◆ Work to complete
Pictures are to be left out, and only the lines from the one containing "Традиционные контактные линзы" through the last line of the data are to be returned exactly.

◆ Given data
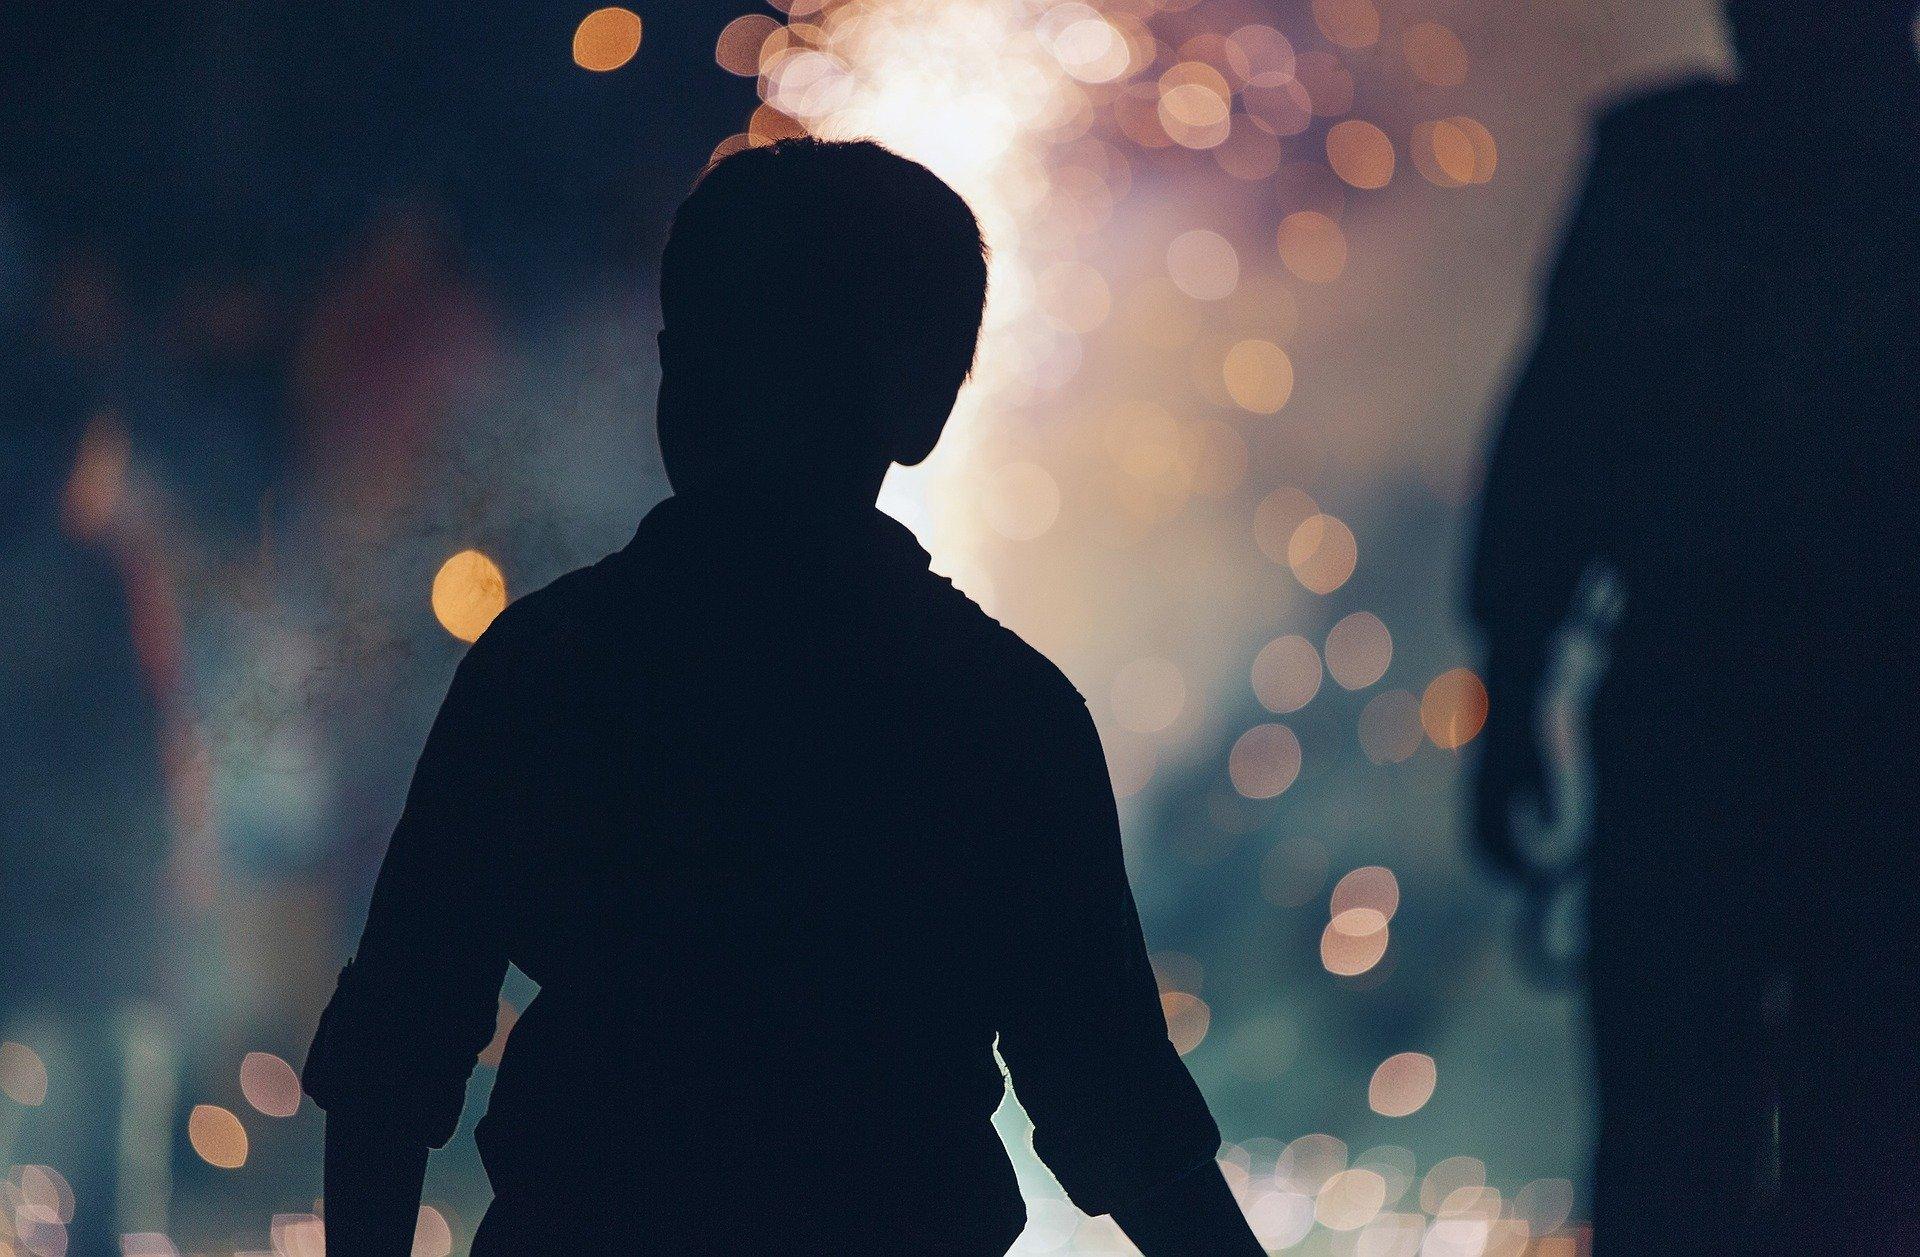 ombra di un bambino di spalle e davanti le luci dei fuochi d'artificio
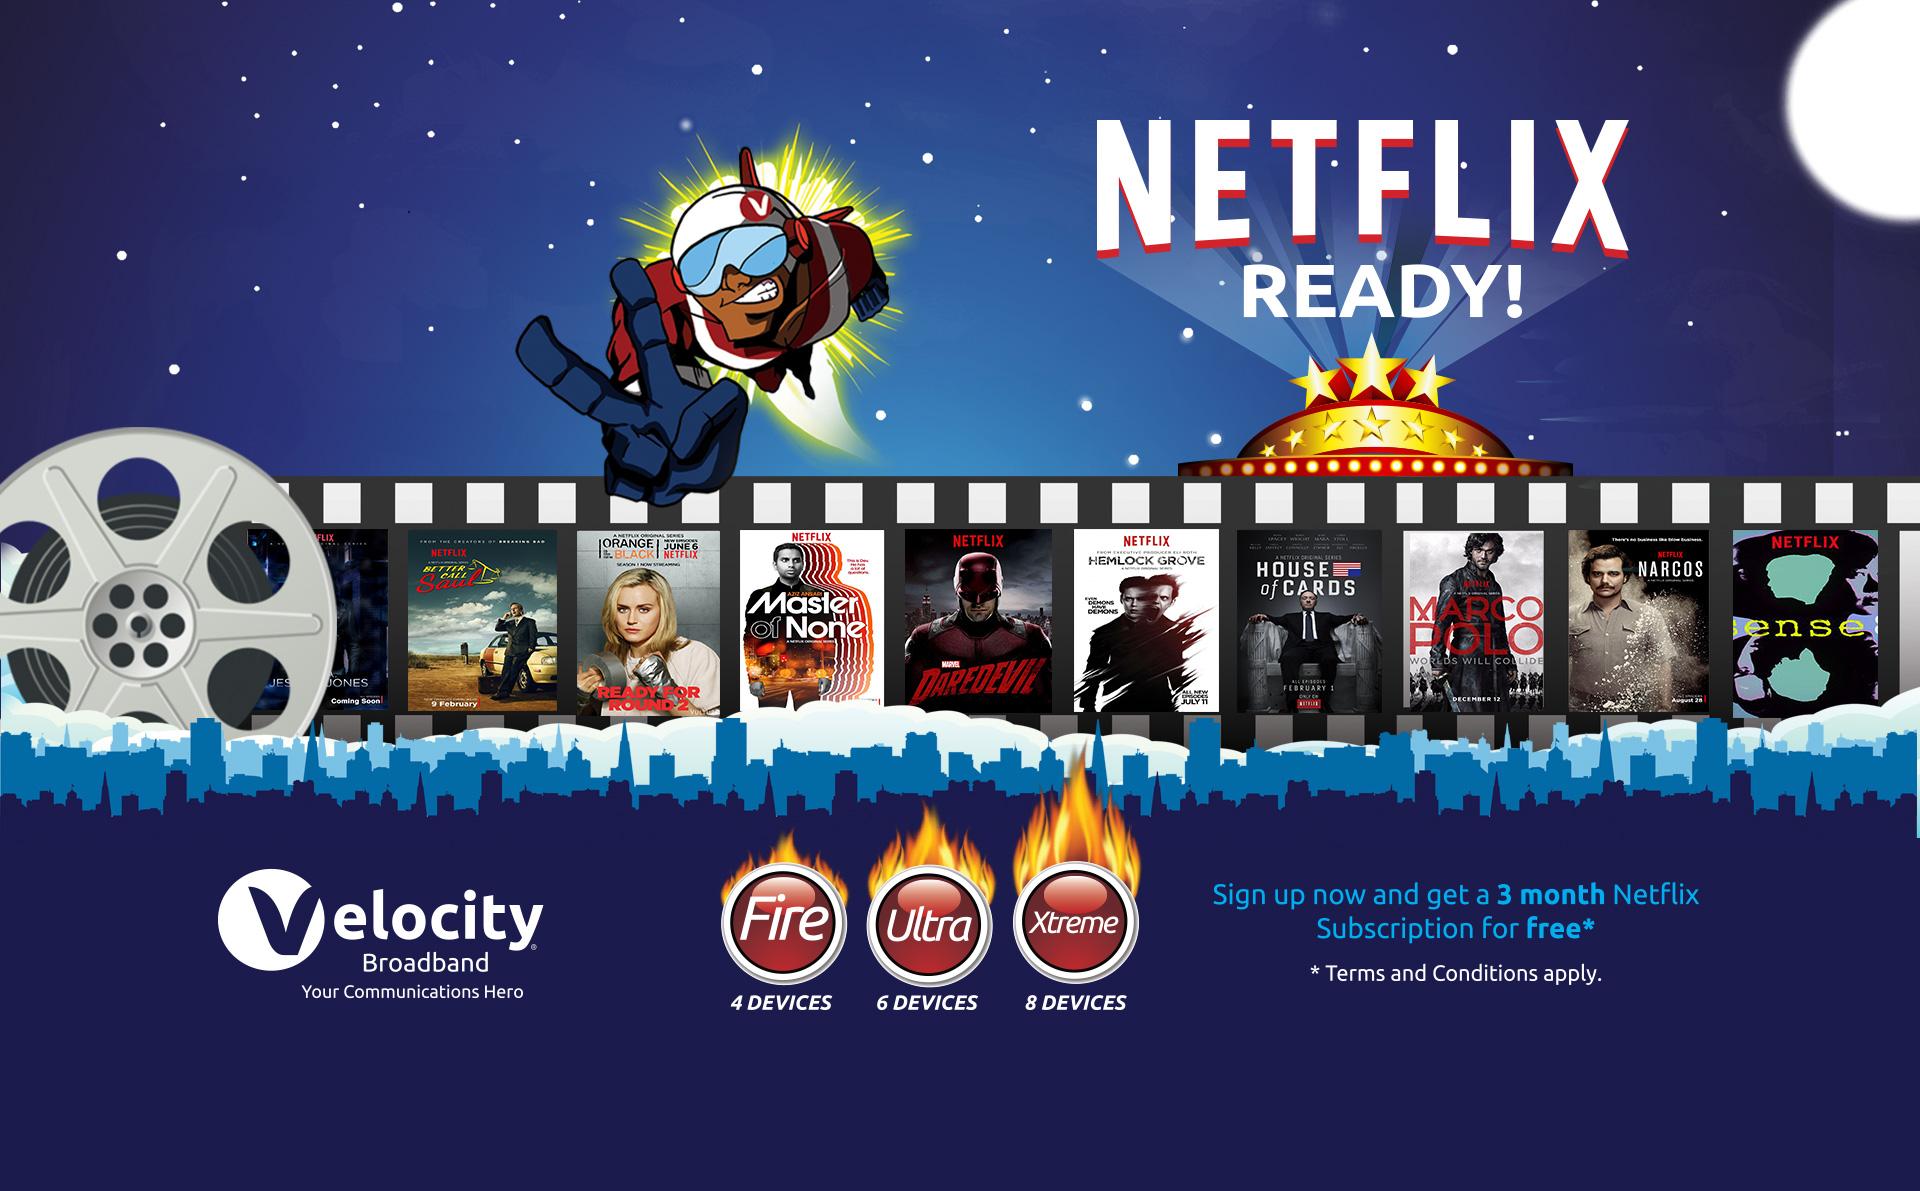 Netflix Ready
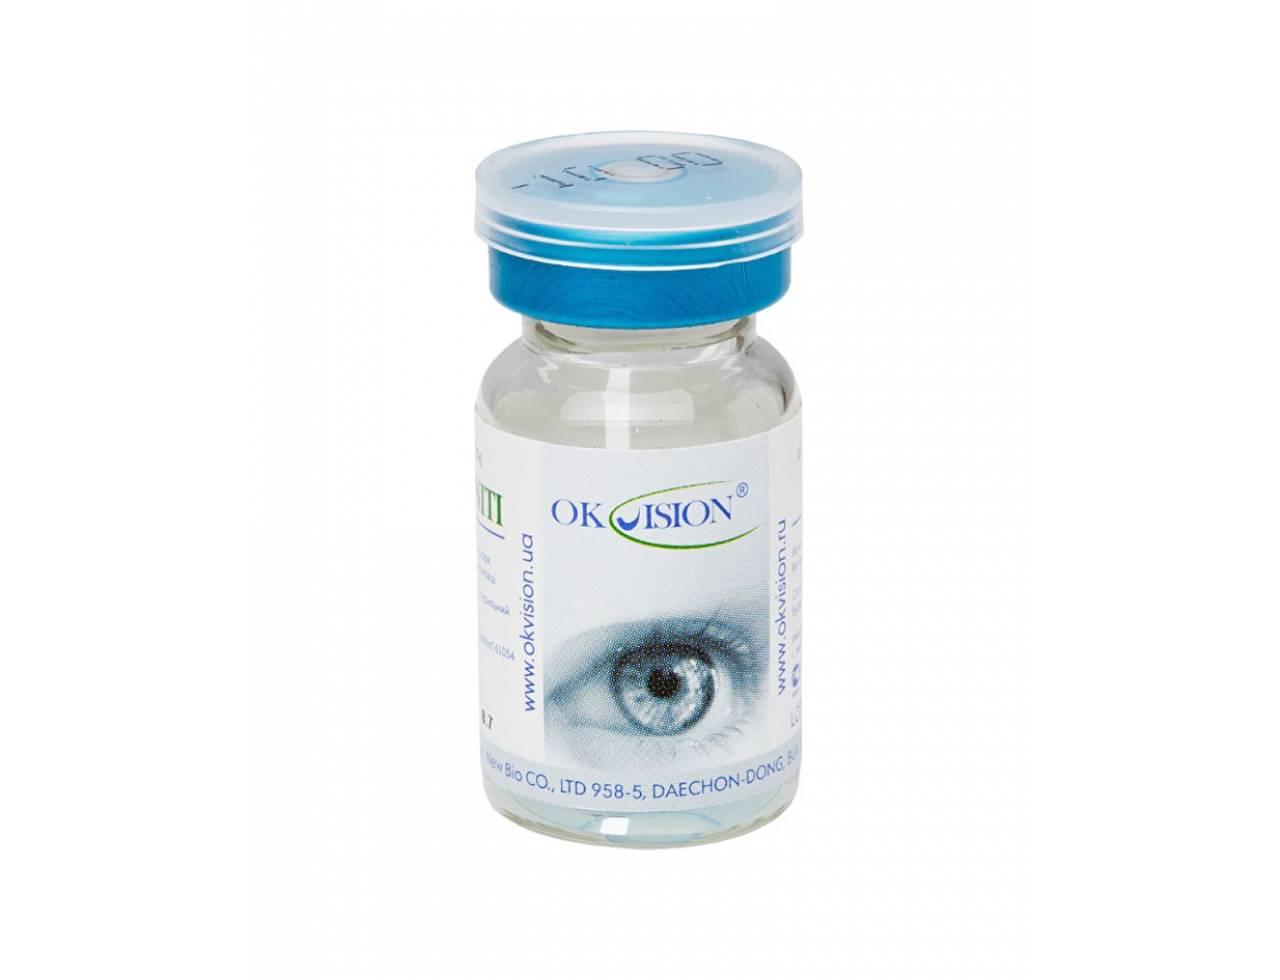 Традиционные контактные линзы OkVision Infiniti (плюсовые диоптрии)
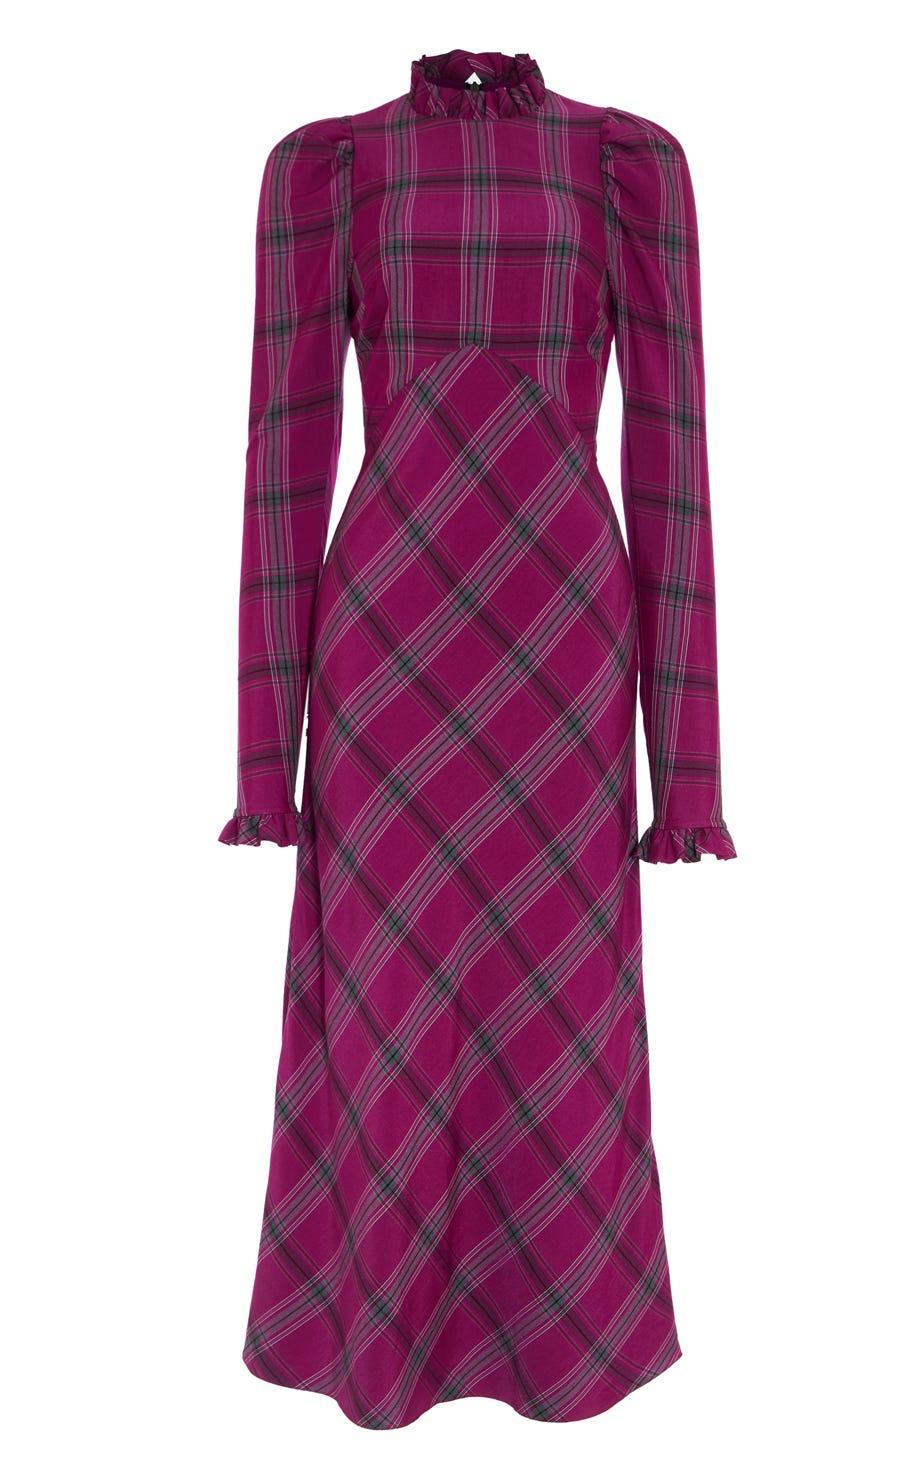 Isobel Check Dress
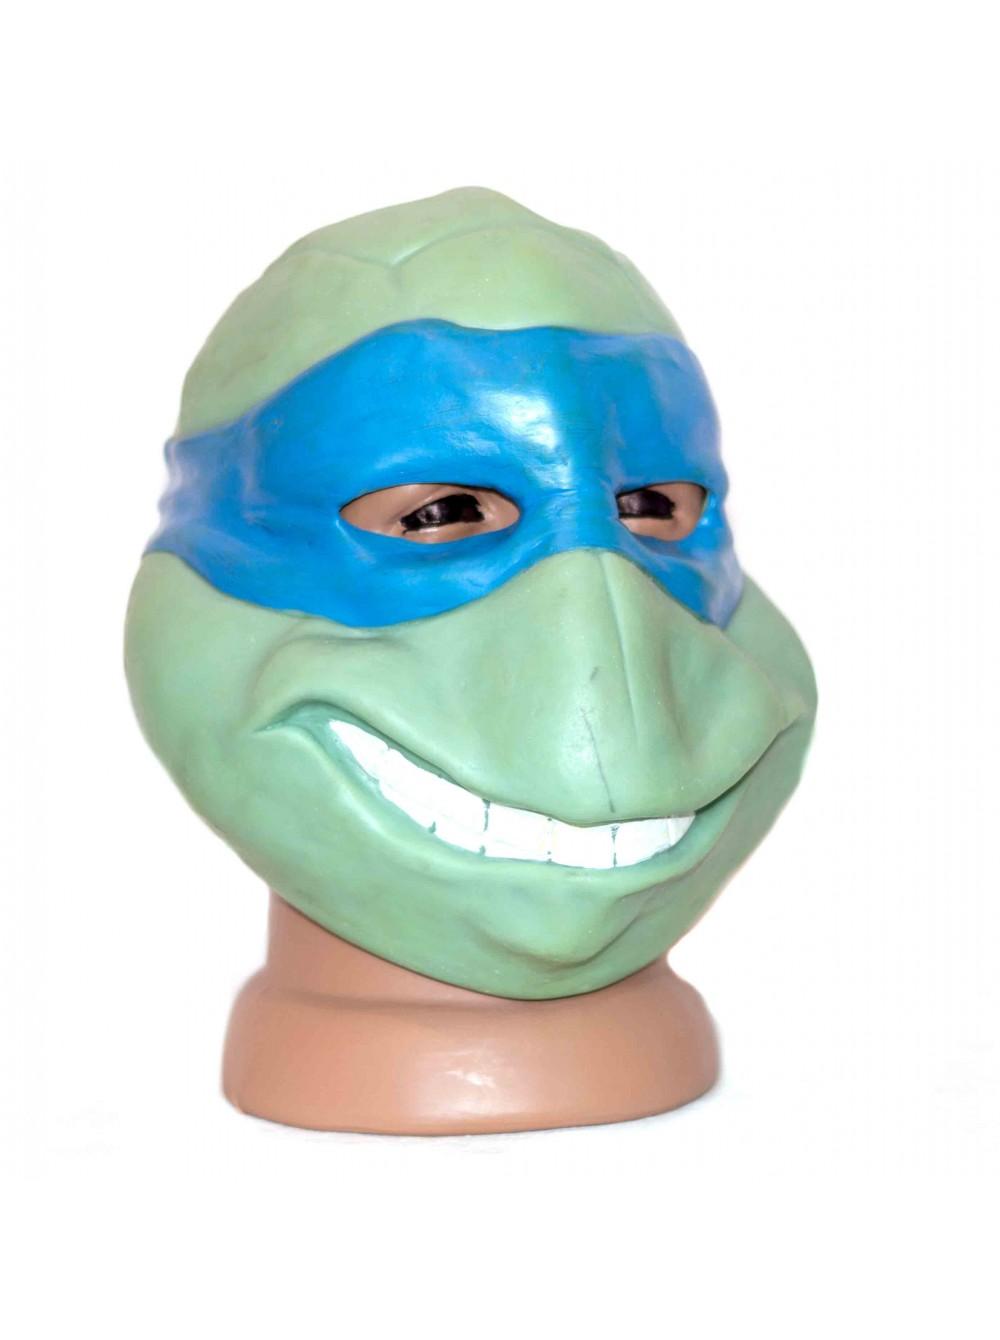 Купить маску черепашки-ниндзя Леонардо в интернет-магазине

◆ Response to this exercise
 Традиционные контактные линзы OkVision Infiniti (плюсовые диоптрии)
 Isobel Check Dress
 Купить маску черепашки-ниндзя Леонардо в интернет-магазине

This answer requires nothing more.